Im Ausland schüttelt trotzdem mancher den Kopf: Die Deutschen gehen nackt mit Fremden in die Sauna, heißt es, aber werden sauer, wenn einer ihr Haus von außen fotografiert.
Caspar: Das mag komisch klingen. Aber ein Saunabesuch wird ja nicht digitalisiert. Eine Hausfassade bei Google Streetview dagegen schon. Und sie ist weltweit einsehbar. Die Sauna und ihre Besucher nicht. Unabhängig von nationalen Eigenheiten: Angesichts der neuen Überwachungsdimension ist Datenschutz heute so wichtig wie nie zuvor. Ich denke, dass es auch in den USA und anderen Ländern noch zu massiven Diskussionen kommen wird.
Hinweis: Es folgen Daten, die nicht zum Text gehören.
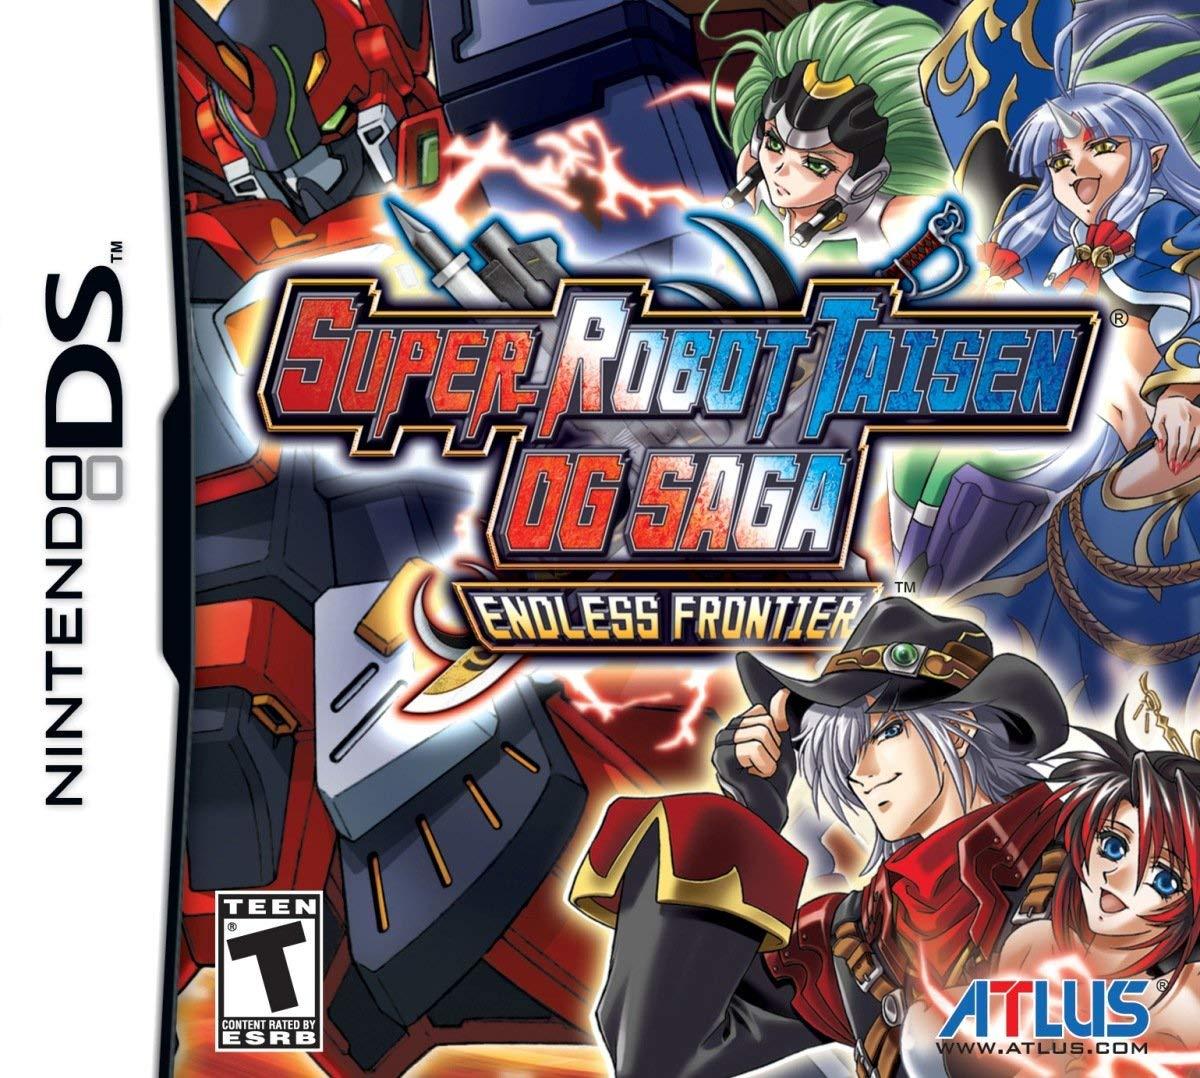 Super Robot Taisen OG Saga: Endless Frontier - Nintendo DS (Renewed)

Was müssen die Schulen angesichts der neuen Entwicklung leisten?
Caspar: Schulen sollten einen Pflichtunterricht Medienkompetenz mit dem Thema Datenschutz einführen. Es geht hier um Grundkompetenzen. Und sie sollten vorsichtig bei der Facebook-Nutzung sein. Die Organisation etwa interner Kommunikation über Facebook stellt eine unzulässige Übermittlung von Daten dar.
Facebook gehört zu einem wichtigen Kommunikationskanal auch für Parteien, Politiker und staatliche Stellen.
Caspar: Wenn das jemand privat macht, ist das seine Sache. Aber bei staatlichen Stellen ist das problematisch.
Fühlen Sie sich in Ihrer Dienststelle angesichts der wachsenden Herausforderungen gut genug ausgestattet?
Caspar: Wir arbeiten hart am Limit. Die Probleme des Datenschutzes nehmen nicht ab, statt dessen wachsen die digitalen Herausforderungen immer weiter an. Eine effektive aufsichtsbehördliche Datenschutzkontrolle wird immer wichtiger. In seinem Urteil zur Antiterrordatei hat das Bundesverfassungsgericht festgestellt, dass dies auch bei der Ausstattung der Datenschutzbehörden berücksichtigt werden muss. Letztlich geht es auch um die Beratung gerade nicht-öffentlicher Stellen. Hamburg ist ein Medienstandort mit vielen innovativen Unternehmen. Der Datenschutz spielt für diese Unternehmen eine wichtige Rolle.
Ist Edward Snowden für Sie eher ein Held im Kampf für Bürgerrechte, oder, wie die USA es sehen, ein Verräter?
Caspar: Jedem, der seinem Gewissen folgt und damit seine bisherige Existenz aufs Spiel setzt, um öffentlich auf Misstände aufmerksam zu machen, gebührt aus moralischer Sicht unsere Hochachtung.